Усталым и изнуренным изобразил лицо Флоренского Фаворский. Перед нами человек, будто держащий на своих плечах небесный свод, трудящийся один за десятки людей, закрывающий собой множество пробоин, возникших в «корабле современности». Он словно отводит от художника взгляд, не желает остаться запечатлённым именно таким. Неслучайно этот портрет особенно смущал Анну Михайловну: что-то трагическое, безжизненное, как на посмертной маске, виделось ей в облике мужа.
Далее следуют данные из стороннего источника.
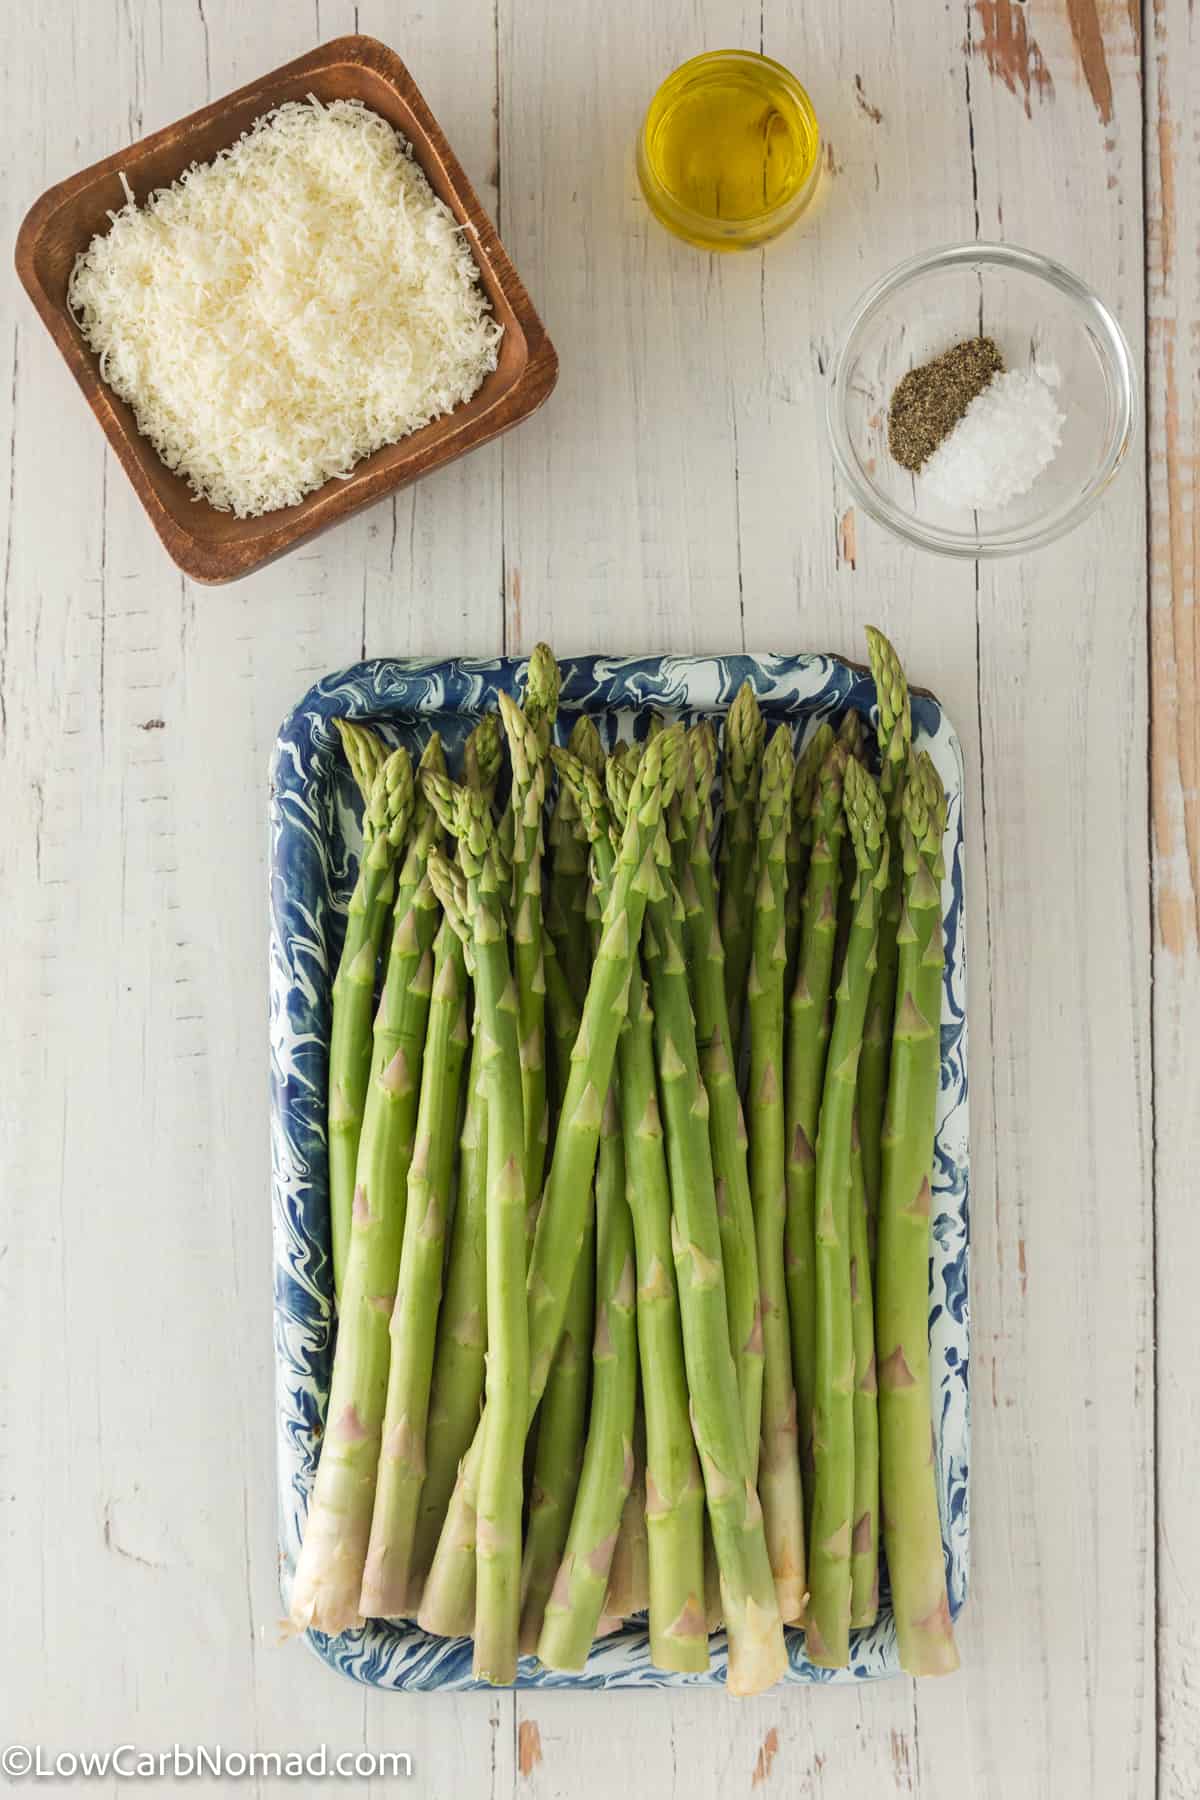 Parmesan Asparagus Recipe ingredients

Иначе изобразила Флоренского Симонович-Ефимова. На её полотне он тоже в трудах, но эти труды ободряющие, наполняющие жизненной энергией. Отец Павел в белом подряснике посреди своего домашнего кабинета. Кажется, он только-только оторвался от философской статьи или университетской лекции и встал перед треножником, чтобы провести физический опыт. Комната залита светом — то ли от заглянувшего в окно солнца, то ли от мысли, рождённой учёным. В кабинете тесно, предметы массивны и недвижимы, Флоренский с трудом находит в пространстве уголок, чтобы совершить задуманное, но теснит не только мебель, но прежде всего идеи, что ждут воплощения. Флоренский на портрете загадочен, его уединённый мир сокрыт от посторонних глаз. Мы не разглядим надписей на корешках в приоткрывшемся книжном шкафу, не прочтём ни строчки с письменного стола, угол которого попал на полотно, мы не различим черт лица философа. Нам ещё предстоит сфокусироваться, навести резкость, чтобы прозреть Флоренского.
Кроме того, благодаря Симонович-Ефимовой мы имеем единственное изображение отца Павла во время богослужения. На рисунке Флоренский в золотом облачении служит водосвятный молебен: благоговейно прижал к груди крест, опустил в молитве взор. Омочённое крапило в широком жесте орошает святой водой молящихся. Кажется, благодатная влага долетает и до смотрящего на рисунок.
Вышеславцев и Комаровский оставили портреты Флоренского незавершёнными: прописано только лицо, остальное лишь обозначено контуром. На обоих изображениях взгляд Флоренского отрешён, погружён в себя. Глаза человека, ведущего диалог с самим собой, отстраняются от зрителя, собеседника. Незавершённость здесь промыслительна, в ней особый авторский замысел: изображение Флоренского подобно фреске, что замазали в лихолетье, — и вот вопреки желающим скрыть написанное оно постепенно проявляется, открывается новым поколениям, краски ещё проступят, заполнят очерченный контур.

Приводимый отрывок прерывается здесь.